Furthermore, it will be appreciated that in an embodiment that does not take into account offsets Δdl and Δdr based on movement of the listening party LP, such terms in Equ. 2 and Equ. 3 are simply set to zero.
Use of the look-up tables in FIGS. 3 and 4 for obtaining the corresponding positions and spatial gain coefficients of the participants in the conference call avoids the need for processing circuitry to compute such positions and spatial gain coefficients in real time. This reduces the necessary computational overhead of the processing circuitry. However, it will be appreciated that the positions and spatial gain coefficients in another embodiment can easily be calculated by the processing circuitry in real time using the principles described above.
FIG. 5 is a functional block diagram of a conference call spatializer 20 for carrying out the processing and operations described above in order to provide spatial positioning of the conference call participants according to the exemplary embodiment of the invention. The spatializer 20 includes an audio segmenter 22 which receives audio data intended for the listening party LP from the conference call participants (e.g., Party 1 thru Party 3). As is explained in more detail below with respect to FIGS. 9-11, the audio data received by the audio segmenter 22 includes audio data (e.g., voice) from each of the respective conference call participants together with information relating to which audio data corresponds to which particular participant. In addition, the audio data may include information relating to the total number of participants in the conference call (in addition to the listening party LP).
The audio segmenter 22 parses the audio data received from the respective participants (e.g., Party 1 thru Party n) to the extent necessary, and provides the audio data in respective data streams to a spatial processor 24 also included in the spatializer 20. As is discussed below in connection FIG. 6, the spatial processor 24 carries out the appropriate processing of the voice data from the respective participants in order to provide the respective imaging for the corresponding spatial locations in accordance with the principles described above. The spatial processor 24 in turn outputs audio (e.g., voice data) for each of the respective participants in the form of left and right audio data (e.g., AL1 to ALn, and AR1 to ARn). The left channel audio data AL1 to ALn from the corresponding participants is input to a left channel mixer 26 included in the spatial processor 24 to produce an overall left channel audio signal AL. Similarly, the right channel audio data AR1 to ARn from the corresponding participants is input to a right channel mixer 28 included in the spatial processor 24 to produce an overall right channel audio signal AR. The overall left and right channel audio signals AL and AR are then output by the spatial processor 24 and provided to the left and right speakers 12 and 14 of the listening party LP headset (FIG. 1), respectively, in order to be reproduced.

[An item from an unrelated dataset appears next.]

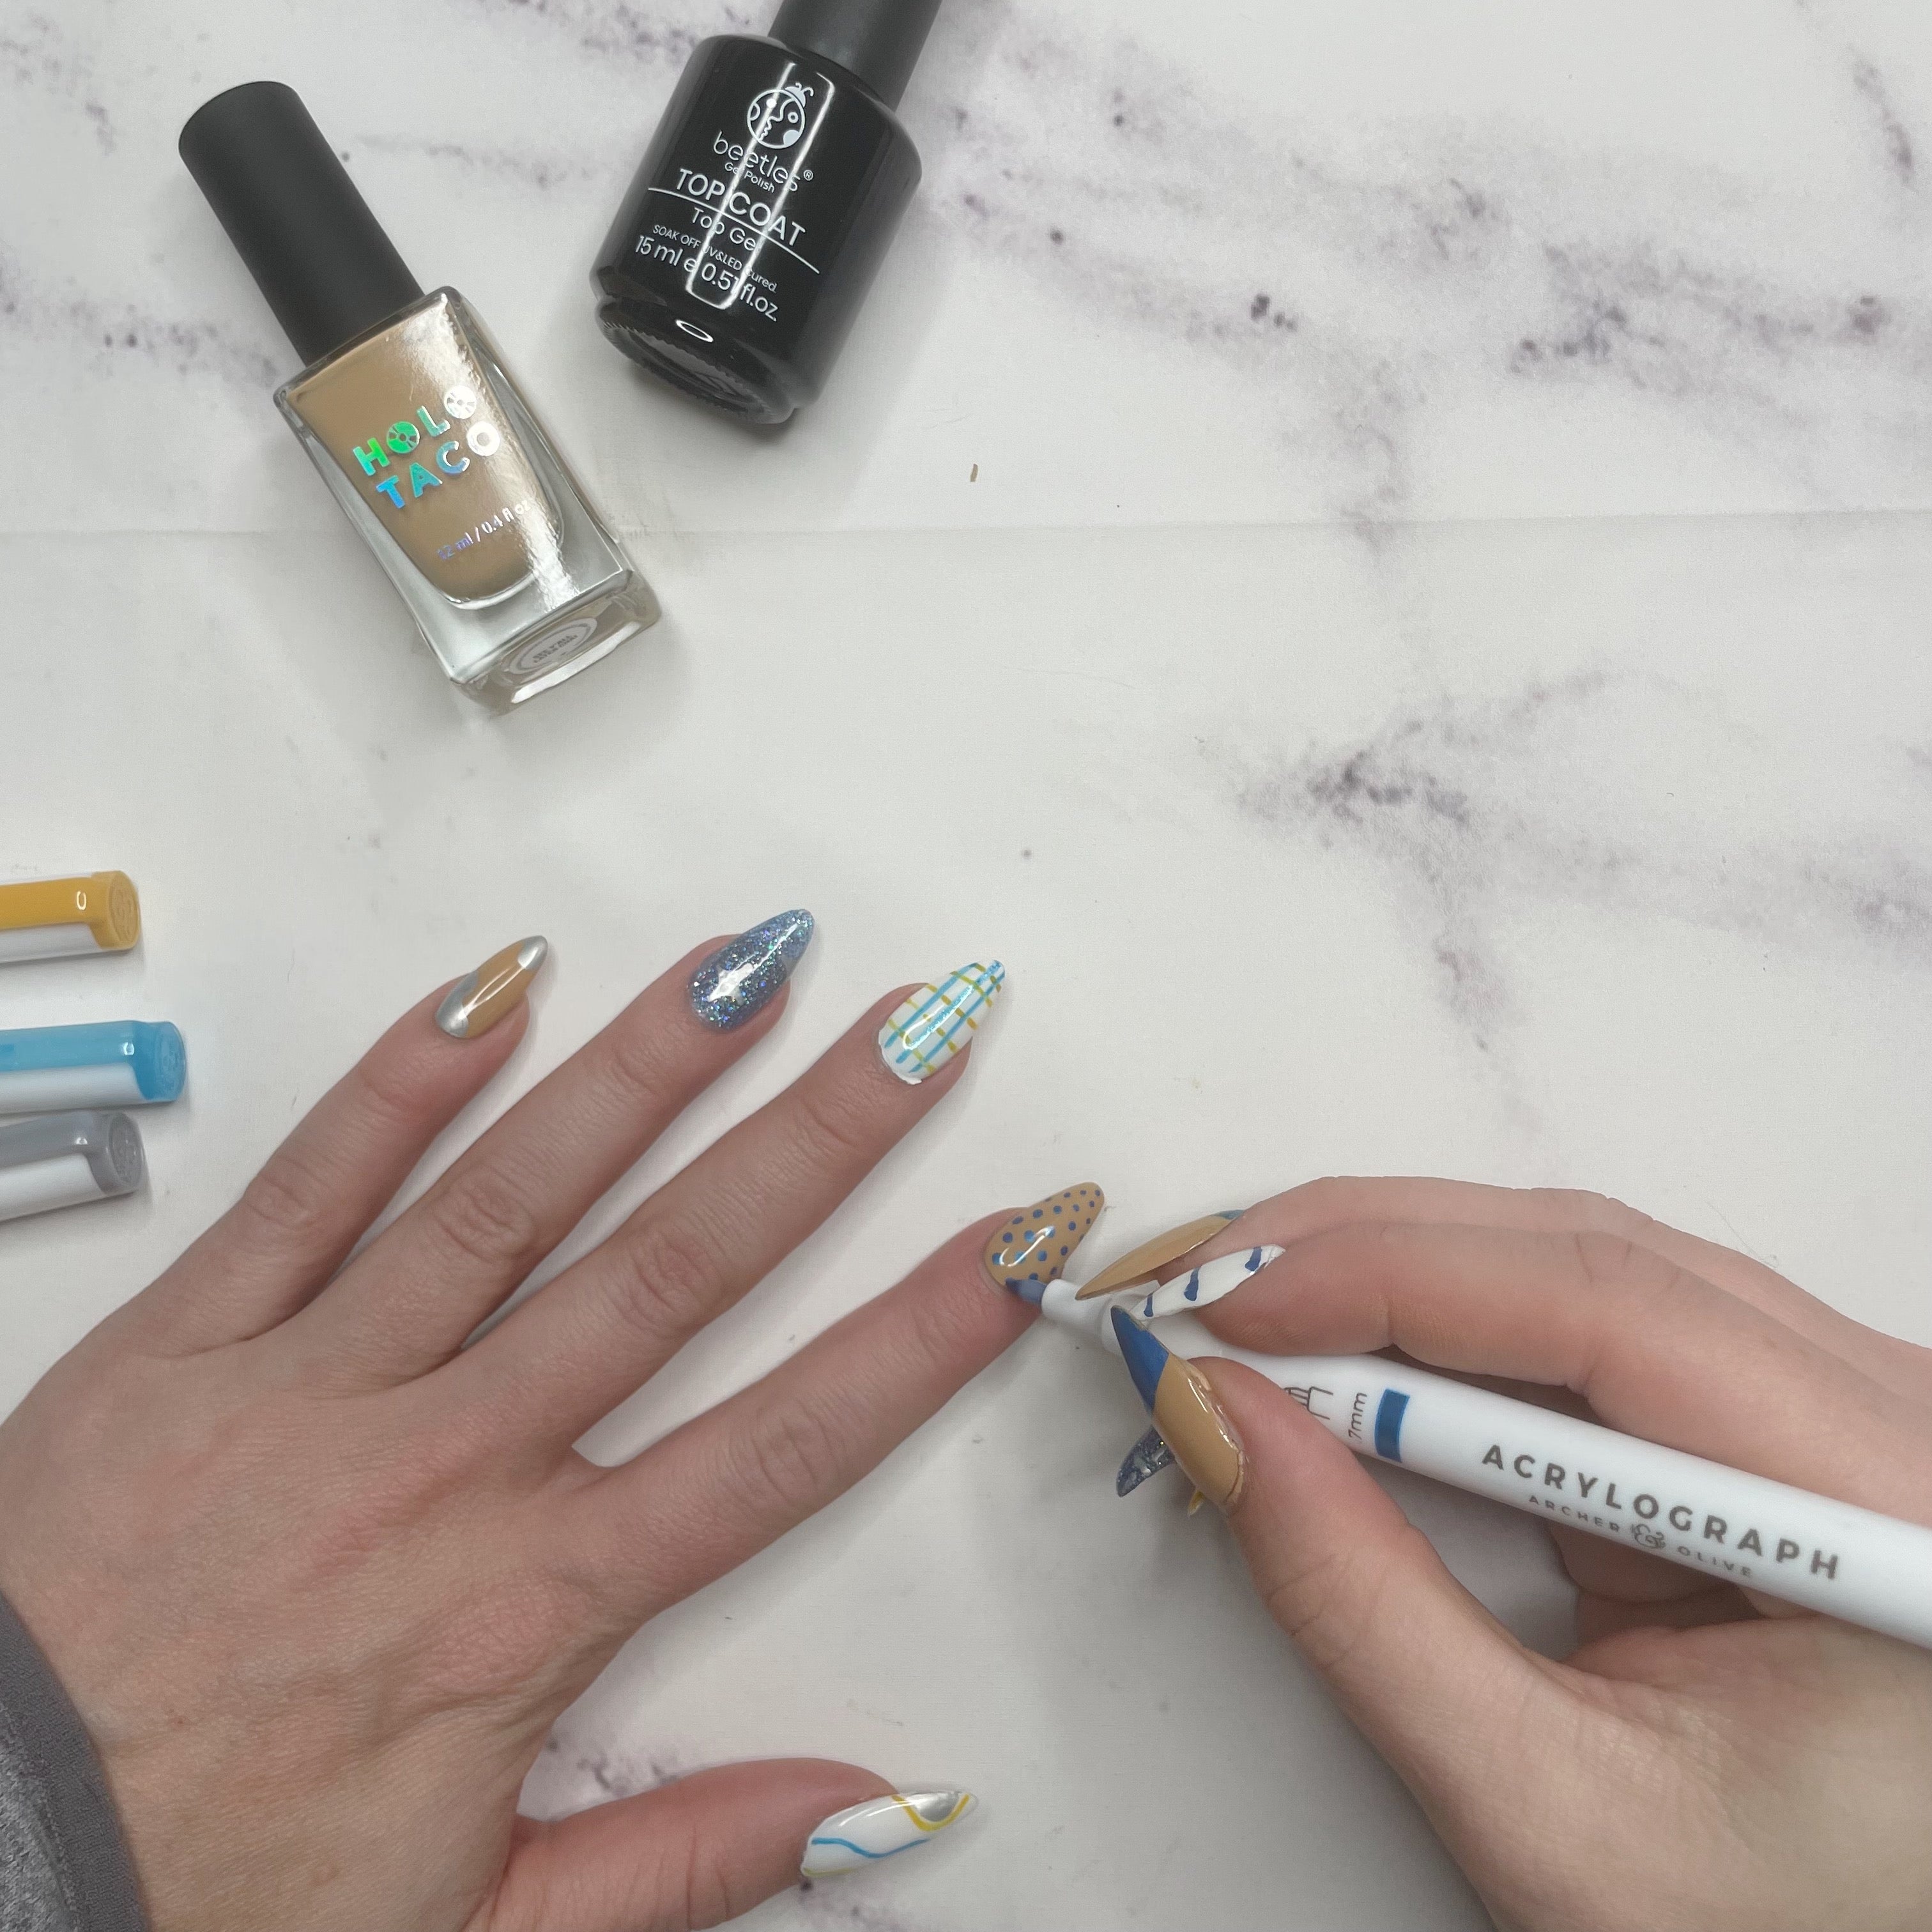 Using acrylographs to draw design on nails

The spatial processor 24 further includes a party positioner 30 that provides spatial position information for the respective conference call participants to the spatial processor 24. The party positioner 30 may be based simply on the look-up table exemplified in FIG. 3. The party positioner 30 receives as an input from the audio segmenter 22 an indication of the number of parties participating in the conference call (other than the listening party LP). Based on such input, the corresponding party positions are assigned to the participants based on the party positions obtained from the look-up table of FIG. 3. In another embodiment, the party positioner 30 may be configured to calculate such positions in real time based on Equ. 1 discussed above. The party positioner 30 in turn provides the party position information to the spatial processor 24.

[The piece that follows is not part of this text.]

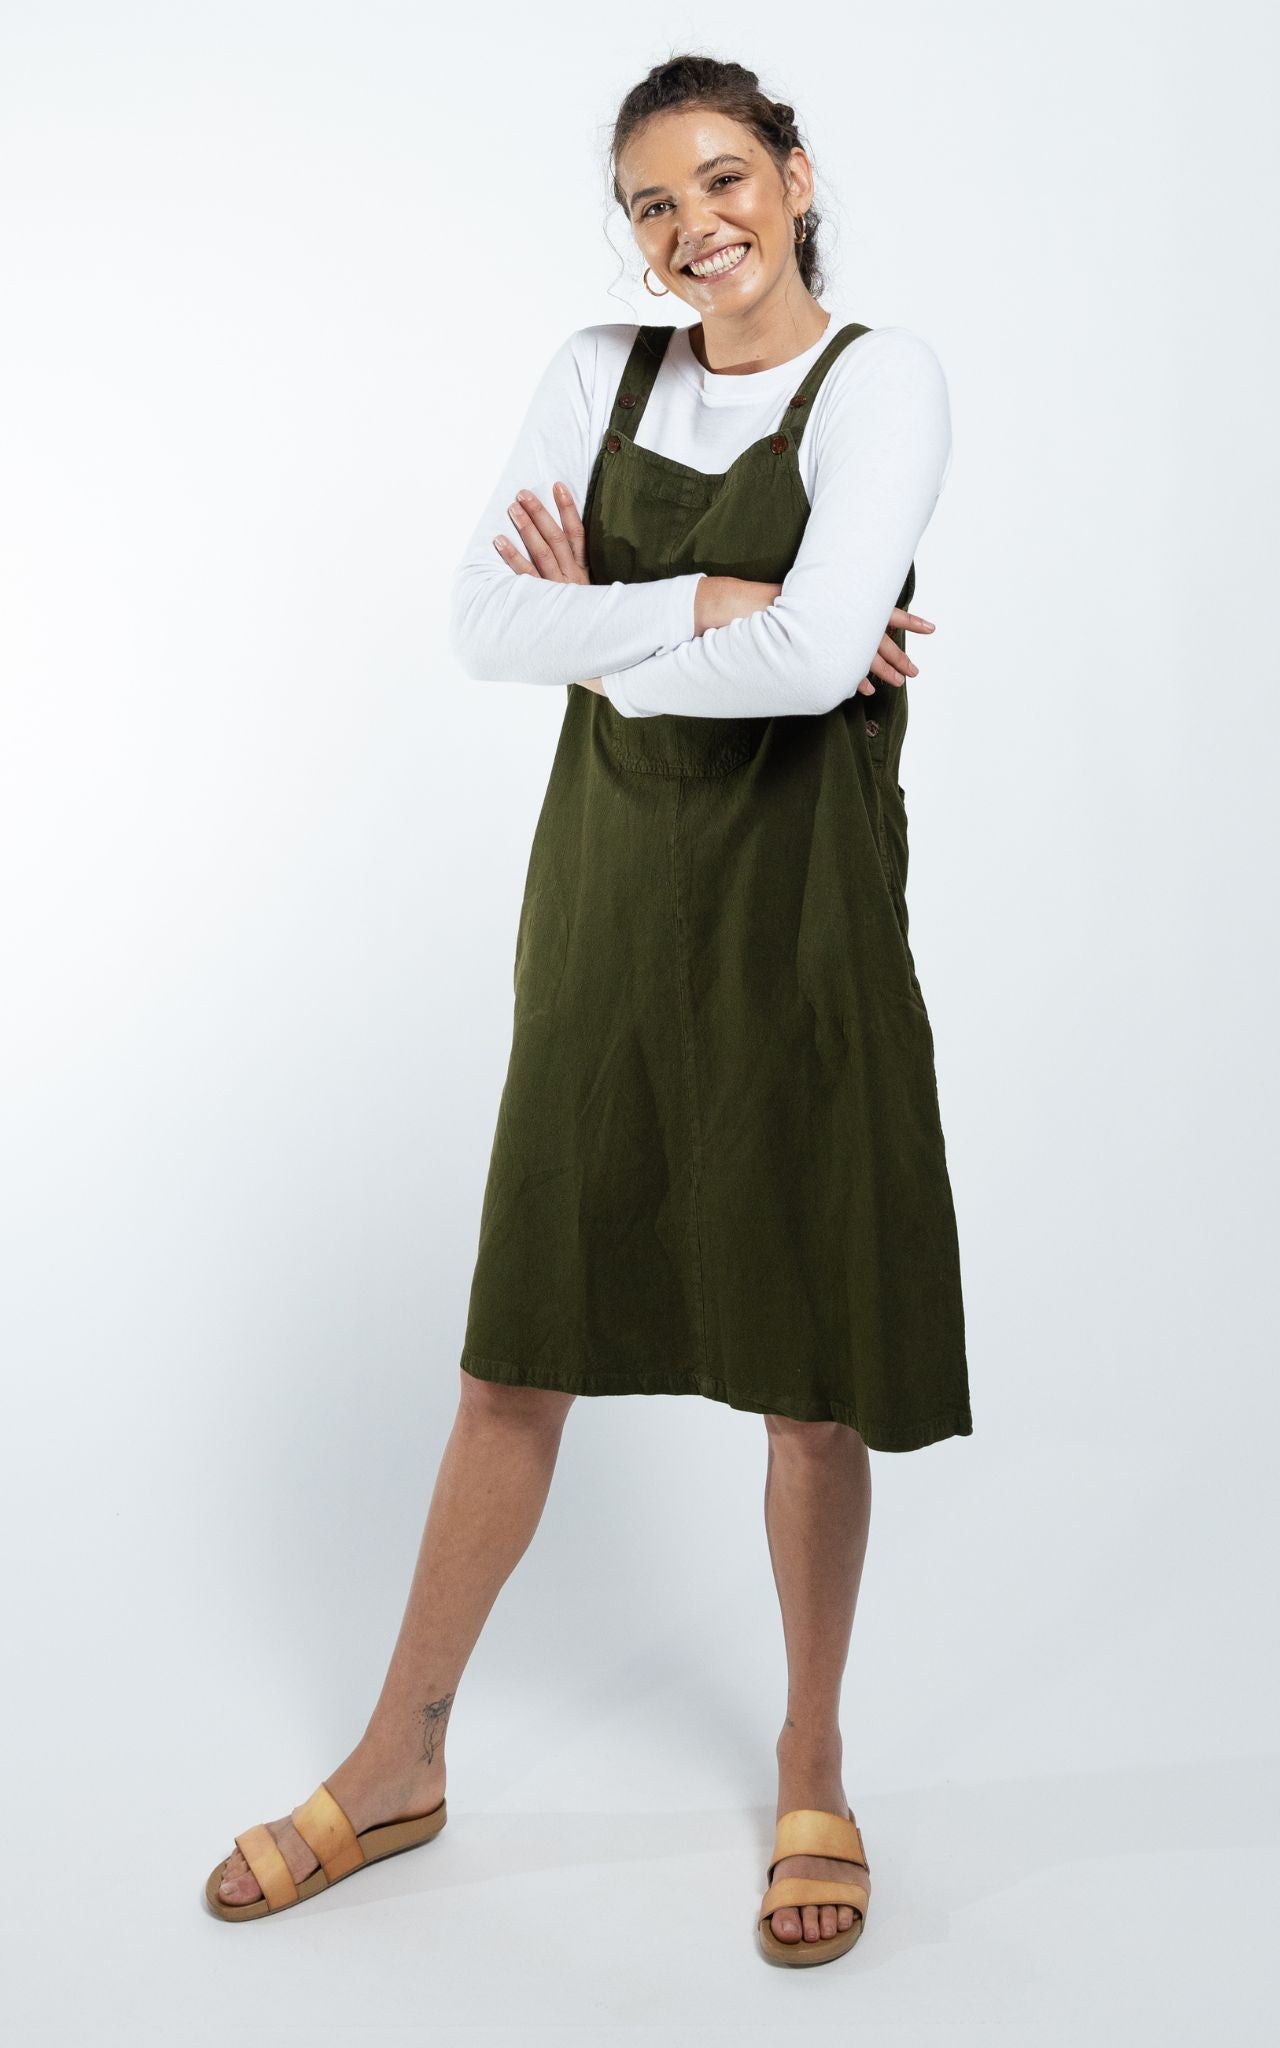 Surya Australia Ethical Cotton 'Ayla' Pinafore made in Nepal - Green

The spatial processor 24 also includes an offset calculator 32 for determining the respective offsets Δdl and Δdr in an embodiment that utilizes such offsets. The offset calculator 32 is configured to receive information from an accelerometer included in the headset of the listening party LP and to calculate the respective offsets based thereon. The offset calculator 32 in turn provides the respective offsets for each participant in relation to their corresponding spatial position (as provided by the party positioner 30, for example), to the spatial processor 24. Specific techniques for calculating such movement offsets based on the information from an accelerometer are well known. Accordingly, the specific techniques used in the offset calculator 32 are not germane to the present invention, and hence additional detail has been omitted for sake of brevity.
Referring now to FIG. 6, an exemplary configuration of the spatial processor 24 is shown. The spatial processor 24 includes a left channel multiplier 34 and right channel multiplier 36 pair for each particular participant (i.e., Party 1 thru Party n). The voice data as provided from the audio segmenter 22 (FIG. 5) for each particular participant is input to the respective left channel multiplier 34 and right channel multiplier 36 pair. It will be appreciated that the voice data for each participant will typically be single-channel or monaural audio. However, the present invention also has utility when the voice data from a participant is multi-channel, for example stereophonic. In the example of FIG. 6, the voice data for each participant is monaural, and thus the same audio data is input to both the left channel multiplier 34 and the right channel multiplier 36 for that particular participant.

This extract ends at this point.